The listing that follows must be retyped exactly, without its pictures.

* Supplied data:
━━━━━━━━

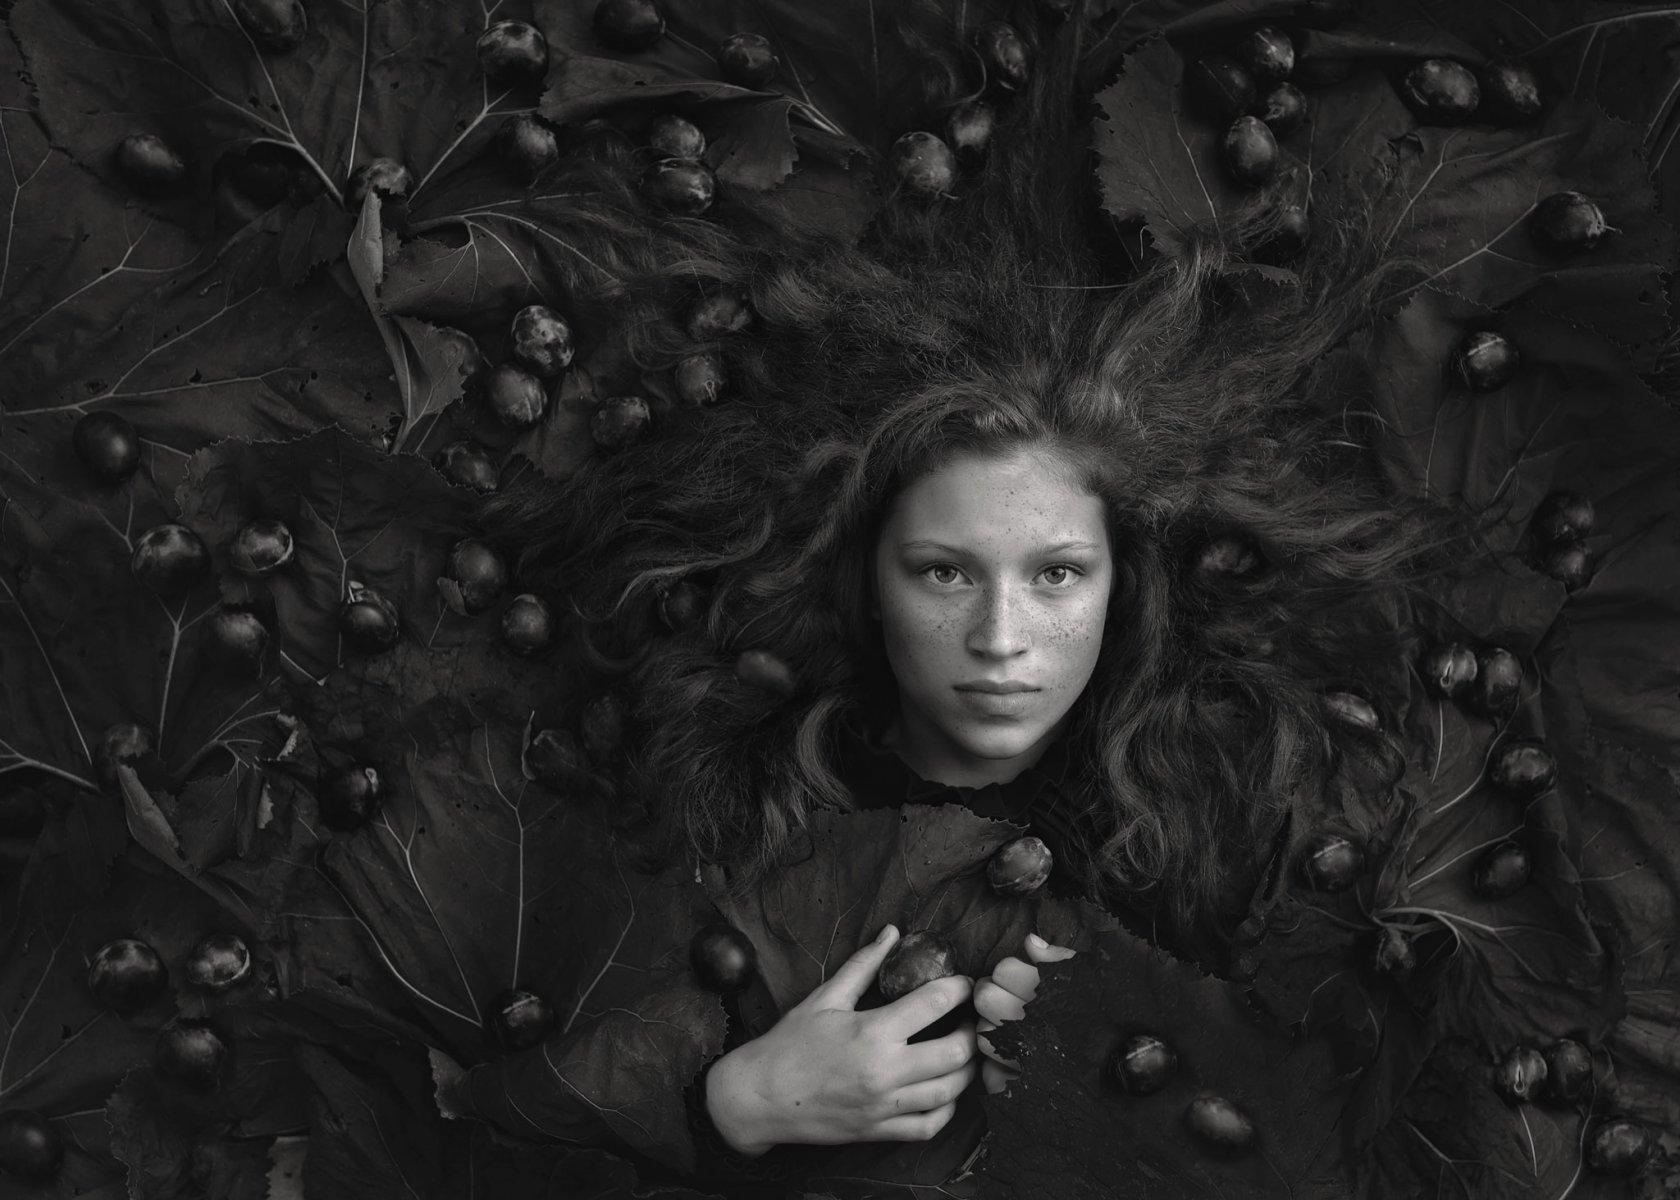 Лучшие фотоработы известных фотографов
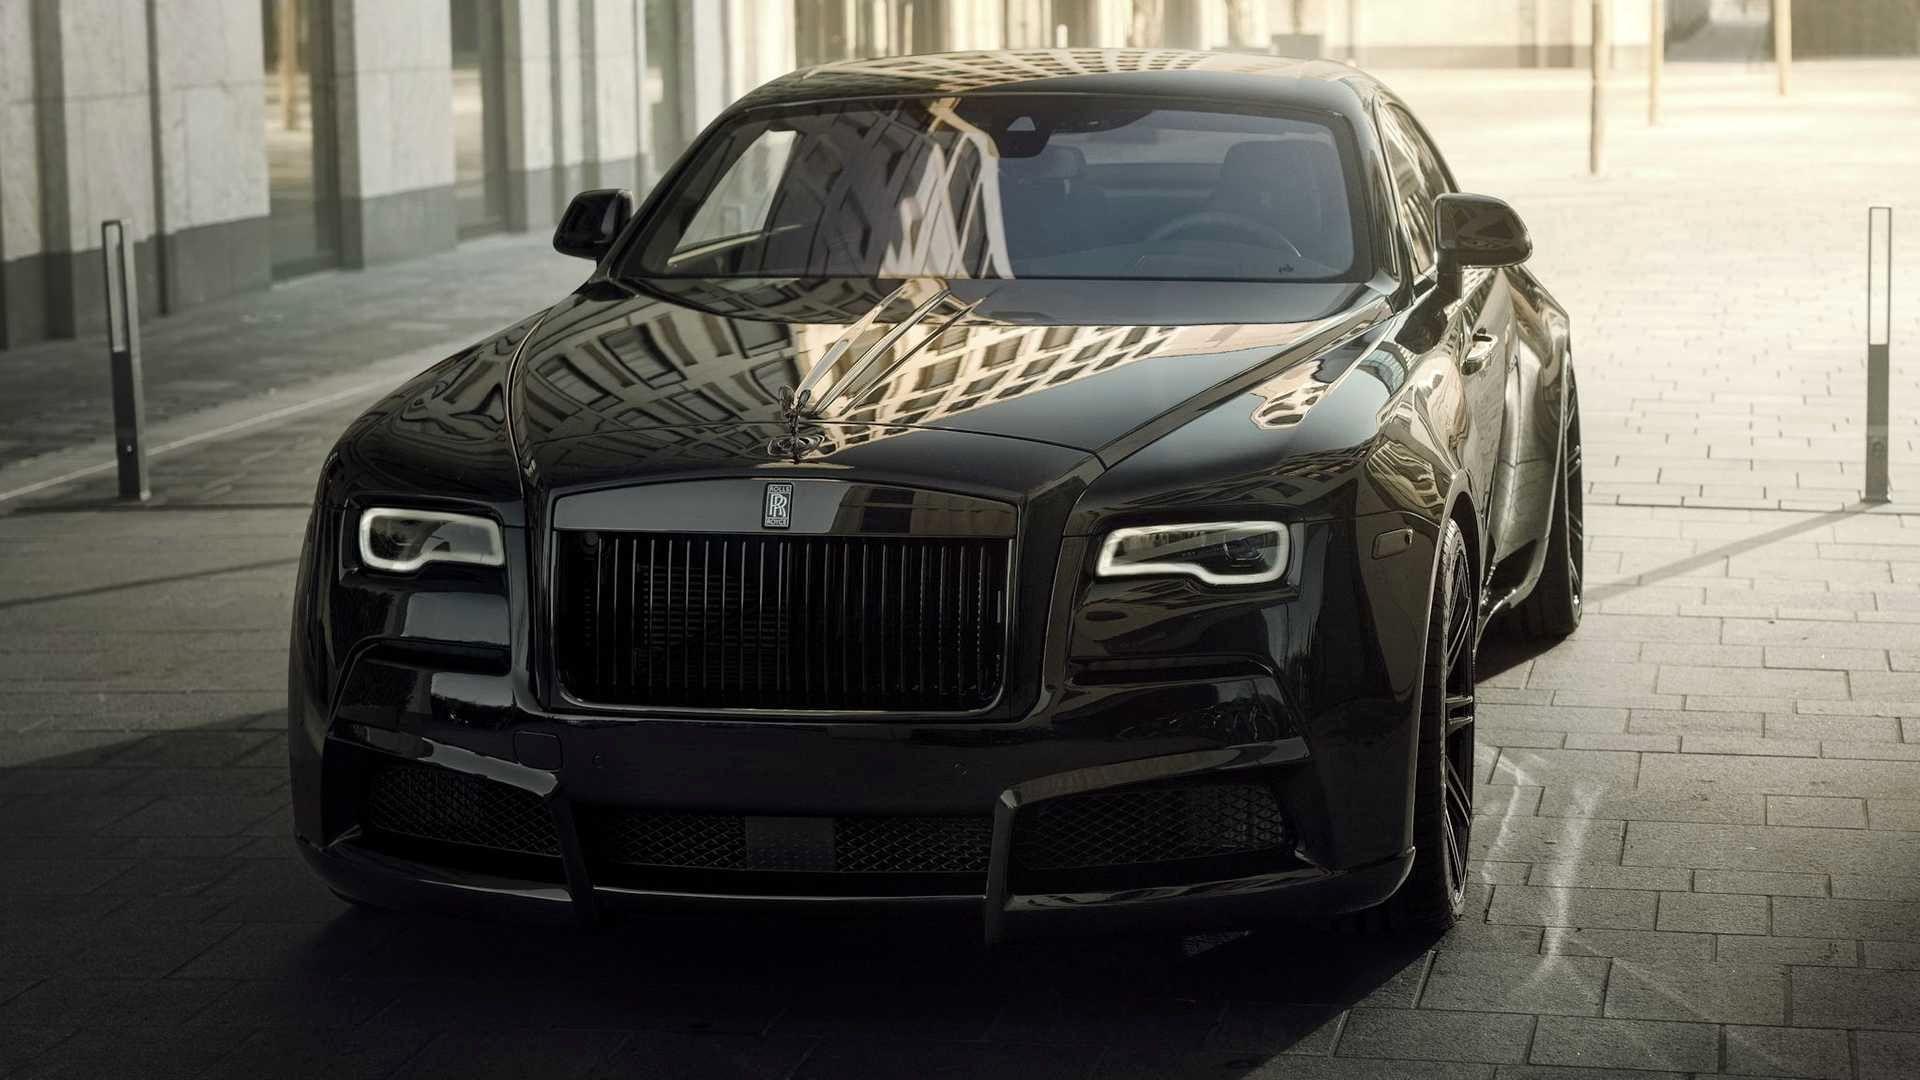 تیونینگ ظاهری رولزرویس Black Badge Wraith با کیت بدنه پهن پیکر و ۷۰۰ اسب بخار + تصاویر
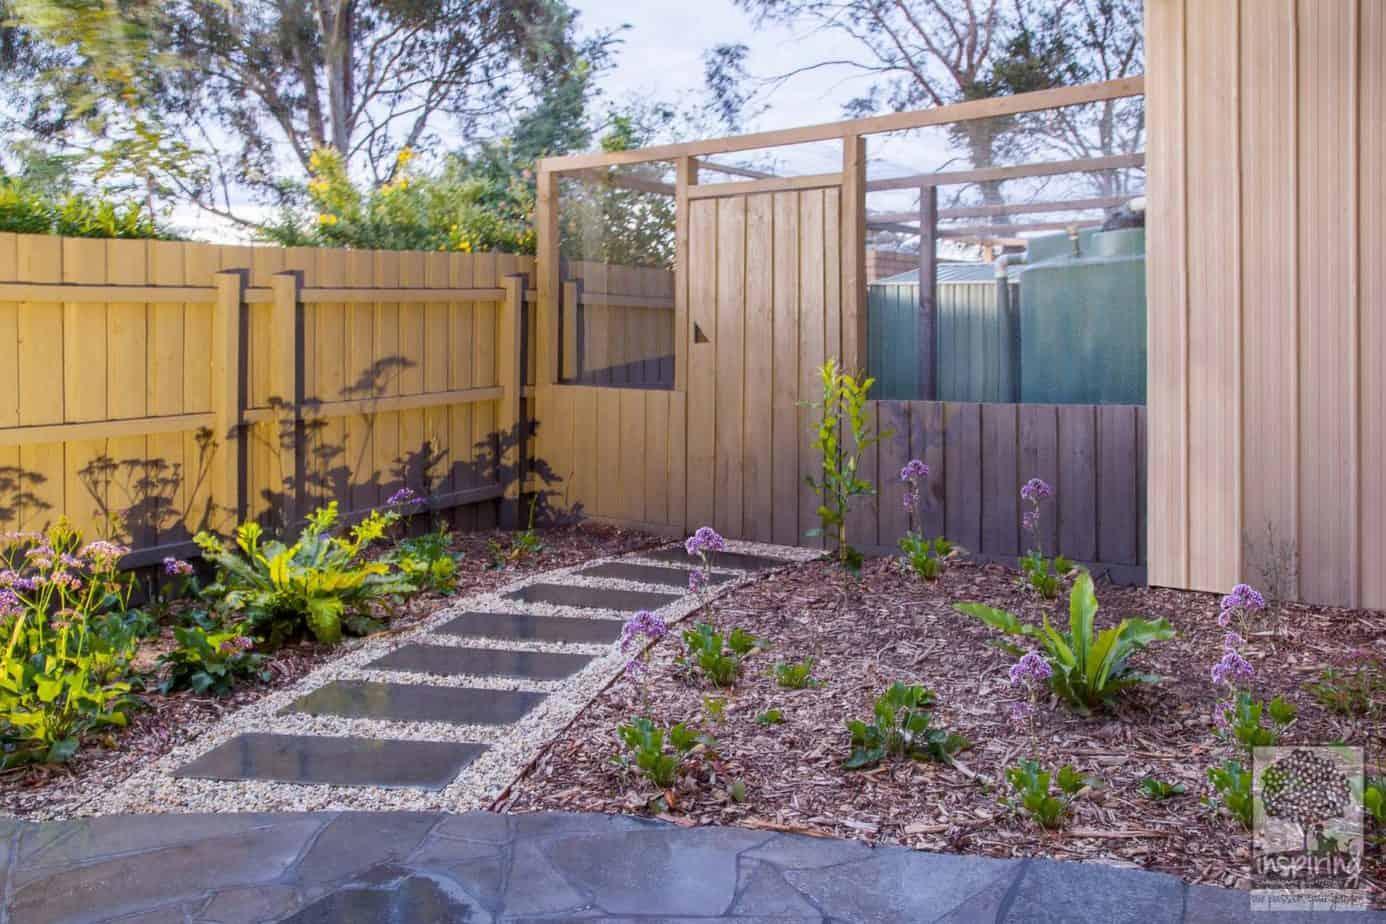 Huge chicken coop incorporated in Blackburn's garden design
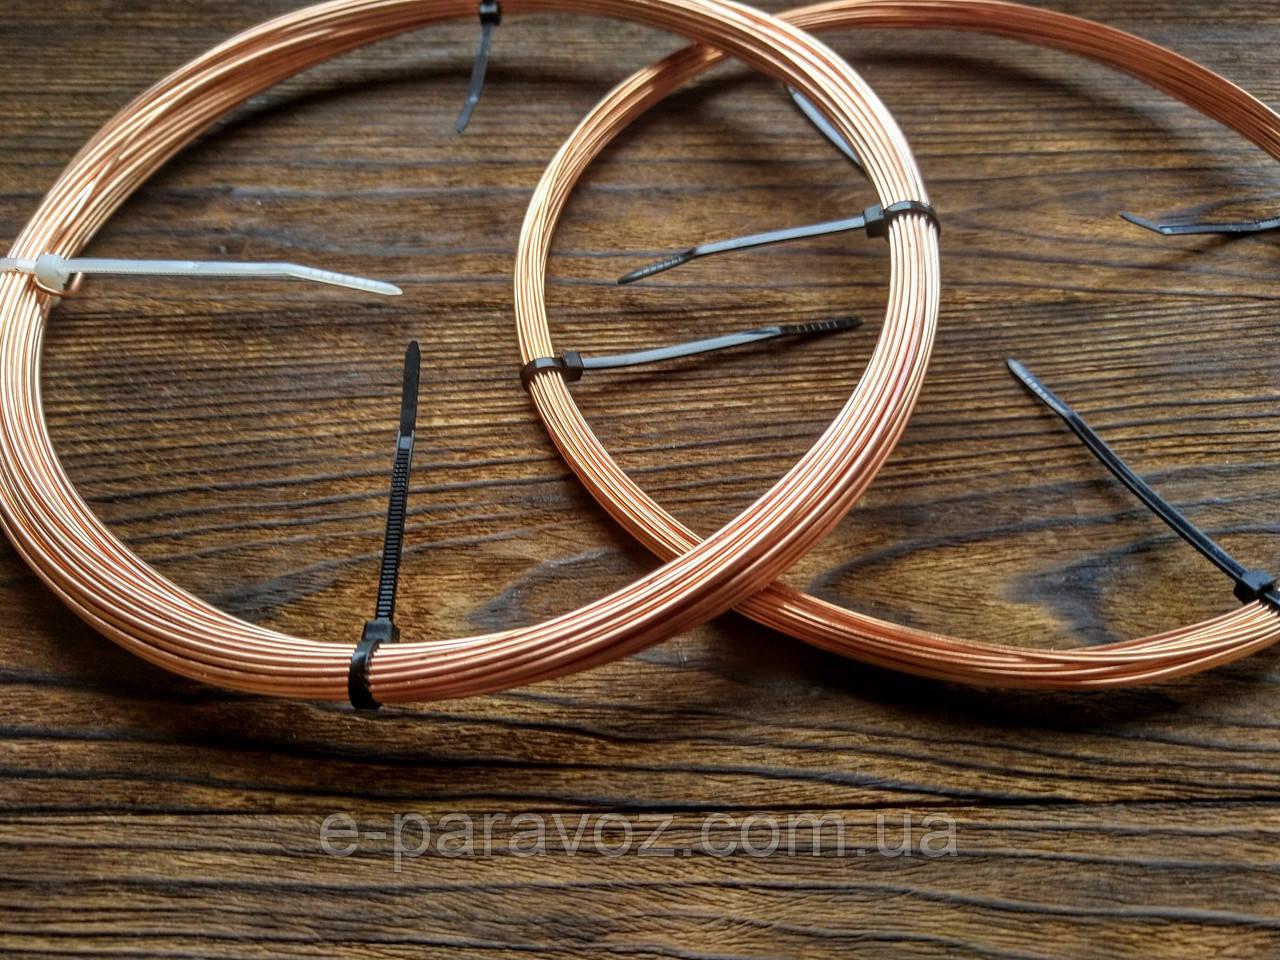 Медь 3 мм - 5 метров, медная проволока для рукоделия, бисера, бижутерии

━━━━━━━━

* Result below:
 Лучшие фотоработы известных фотографов
 تیونینگ ظاهری رولزرویس Black Badge Wraith با کیت بدنه پهن پیکر و ۷۰۰ اسب بخار + تصاویر
 Huge chicken coop incorporated in Blackburn's garden design
 Медь 3 мм - 5 метров, медная проволока для рукоделия, бисера, бижутерии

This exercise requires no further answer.